His other big mistake is stranger – he takes a census. The man who took down Goliath is brought low by a census. To make matters more complicated, it’s a census that God orders him to take so that God can punish him for taking a census.

What?!

This is one of those stories I don’t quite know what to do with. But here’s an idea.

It’s obvious from the passage that everyone knows that taking a census of Israel’s military is a bad idea. I can see the logic in this – they’re not meant to trust in the strength of their army or their resources, they’re meant to trust in God. After all, the Bible is full of examples of God using a small force to defeat huge armies. Maybe counting the fighting men is the thin end of the wedge, an example of misplaced confidence that could end up with a king having lots of horses (and their associated chariots), thus trusting in their own strength and not God’s. I can understand that.

But then God manouveres them into a stuation where they’re going to get punished for something he told them to do. It seems a little unfair – if they need to be punished, then punish them for what they did in the first place.

(Interestingly, the 1 Chronicles 21 version of this story says that Satan instigated the census, not God… But as Satan’s role in the Old Testament is often to test people’s faith in God, the end result is the same. After all, David has a choice in all this. That said, this post would have been way easier had I just gone with Chronicles…)

So allow me to indulge in some random speculation again: What if God is expecting an argument?

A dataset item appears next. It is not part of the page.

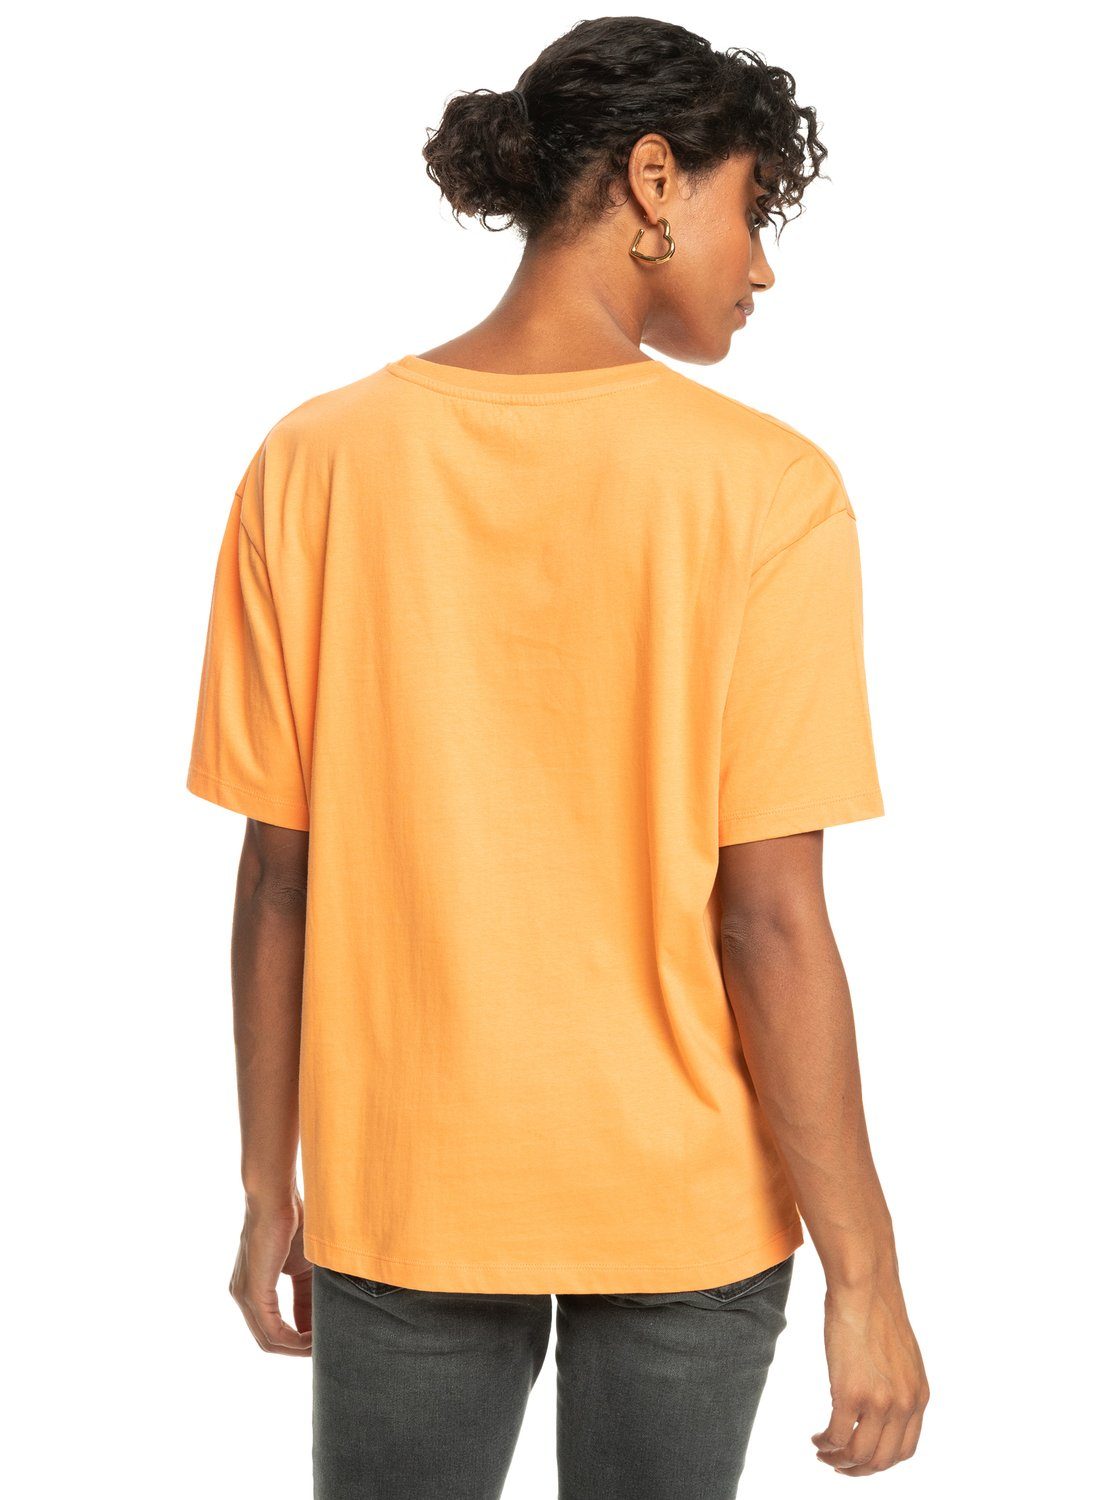 Sky Under Roxy The T-Shirt Sand Tangerine

Stick with me. It’s not like people haven’t argued with God before. Back in Genesis, God tells Abraham he’s going to destroy Sodom and Gomorrah. Realising that his nephew is living in Sodom, Abraham starts bargaining with God – “Would you save the city if I could find 50 good people living there? What about 45? What about thirty? Twenty? Ten?”

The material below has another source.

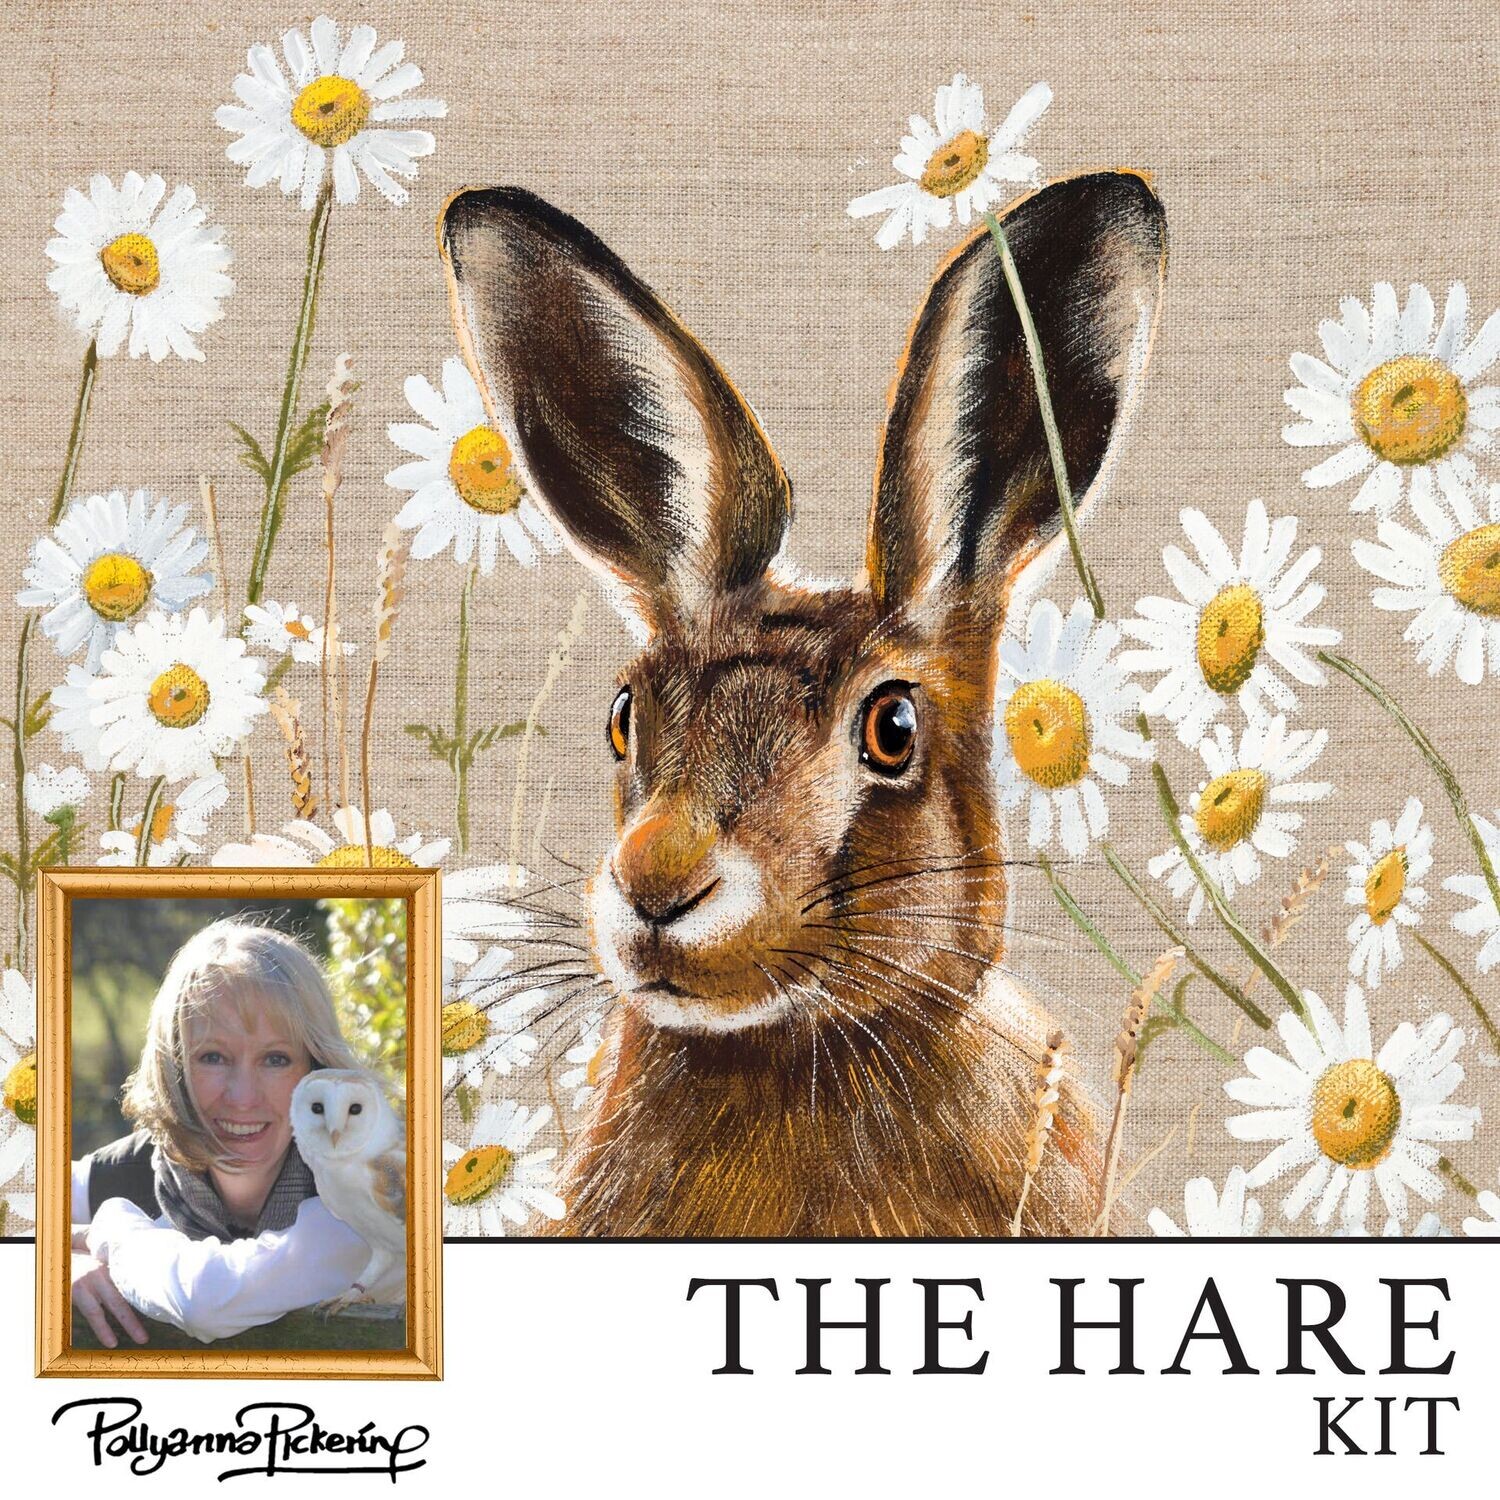 Pollyanna Pickering's The Hare Digital Kit

And instead of getting angry, God goes along with it. It doesn’t pay off, as ten good men can’t be found, but still Abraham tried and got a positive response. God responds to an act of compassion, even if Abraham does have a vested interest.

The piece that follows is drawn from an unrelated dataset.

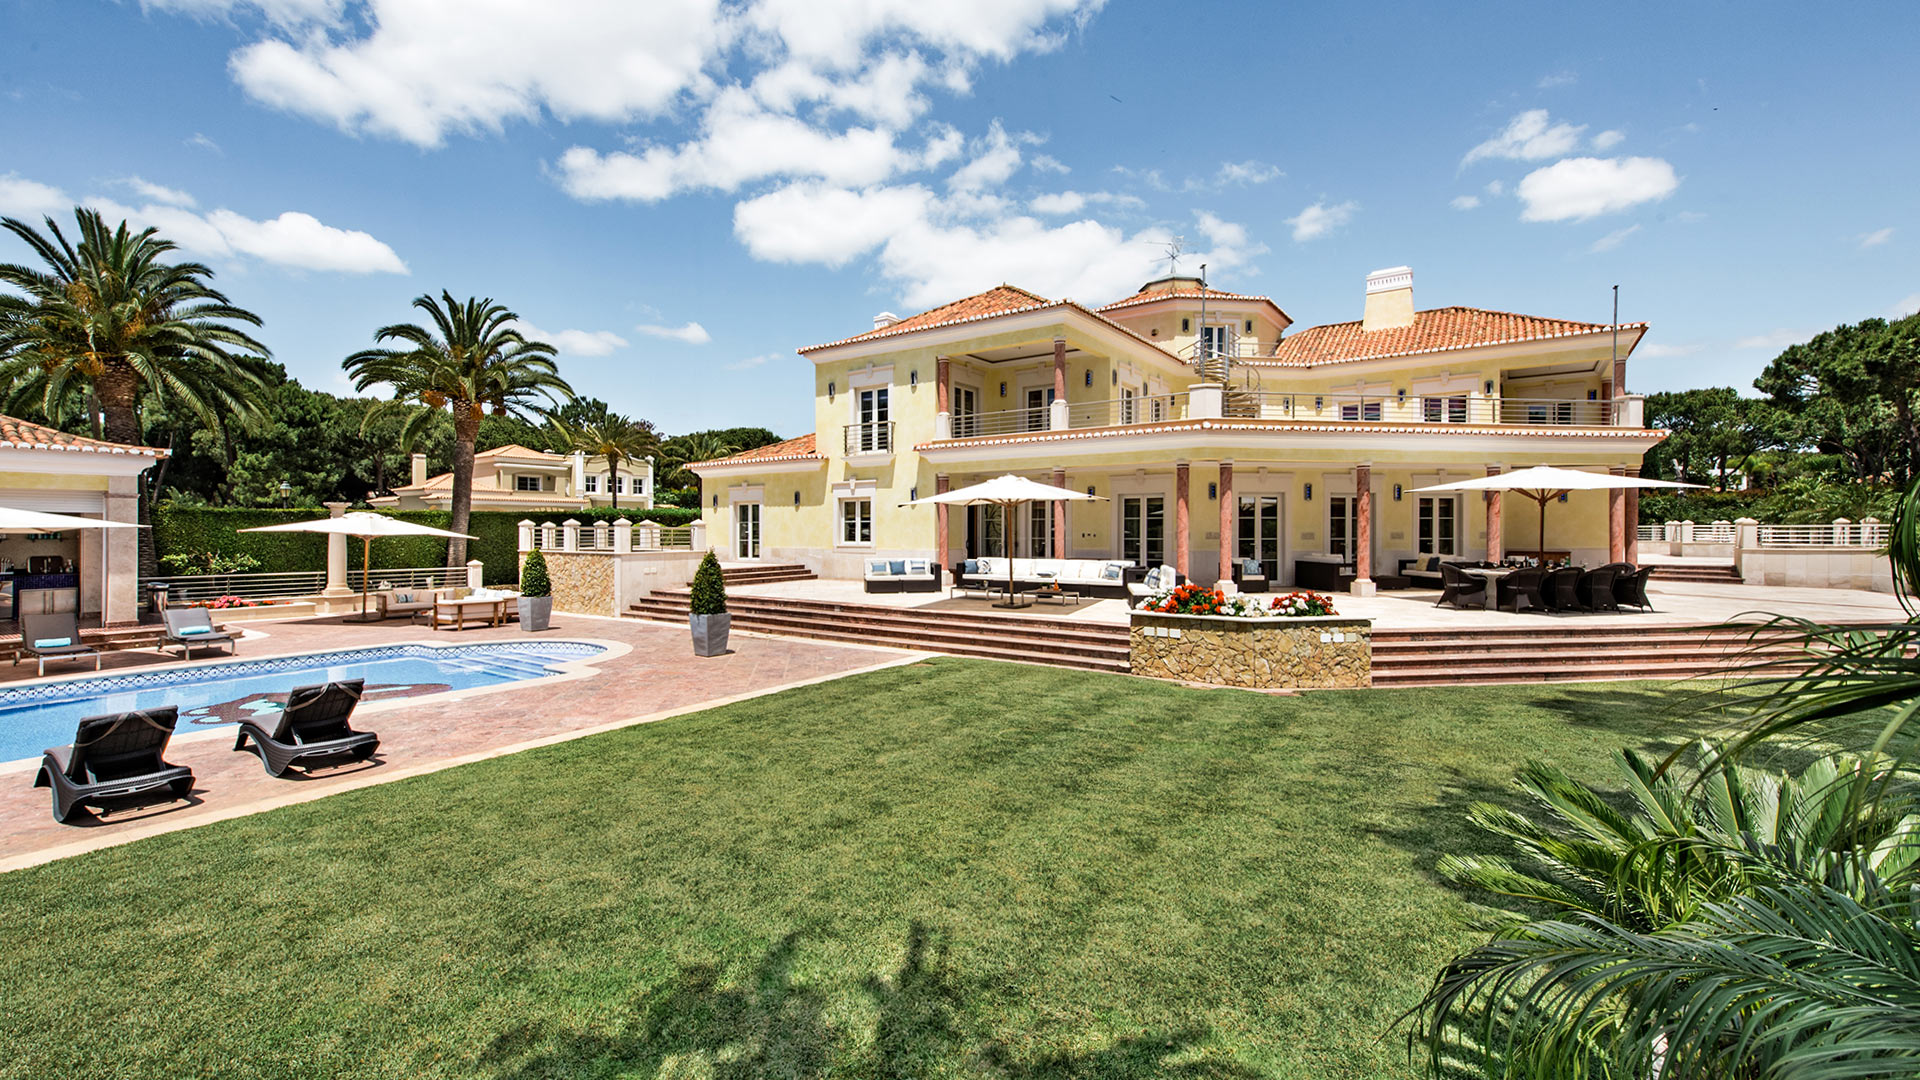 Villa Villa Barkley, Rental in Algarve

And then there’s Moses’s disagreement with God. In Numbers 14, the Israelites are on the verge of rejecting God, deposing Moses and electing themselves a leader to take them back to Egypt. God is understandably furious at this lack of gratitude and decides to wipe them all out and start again with Moses.

Moses says no.

“Look, if you kill them all, everyone will say that you couldn’t carry out your promise to give these people a land of their own. Can you forgive them instead?”

And it works, to a degree. The instigators of the rebellion are killed by a plague, and entry into the land is delayed for a generation so that the people aren’t always so eager to go back into slavery in Egypt, but Israel survives. Again, God responds to an act of compassion.

Right, now look at the consequences of David’s census. He carries it out, a plague falls on the land and wipes out thousands of people. David realises what’s happening and sets up an altar to God at his own expense in order that he might intercede on behalf of his people. He does, the plague stops and God responds to an act of compassion.

Which raises the question, what would have happened if David had said no to the census? What if he’d argued with God? Eventually he gets involved on behalf of his people and God relents; would acting sooner have made a difference.

Well maybe, maybe not, but sometimes we need to take a risk on behalf of others. Abraham did, Moses did, David did eventually. And God responds to that, which is understandable, because that’s exactly what he does in the New Testament, with nail pierced hands on a Friday afternoon.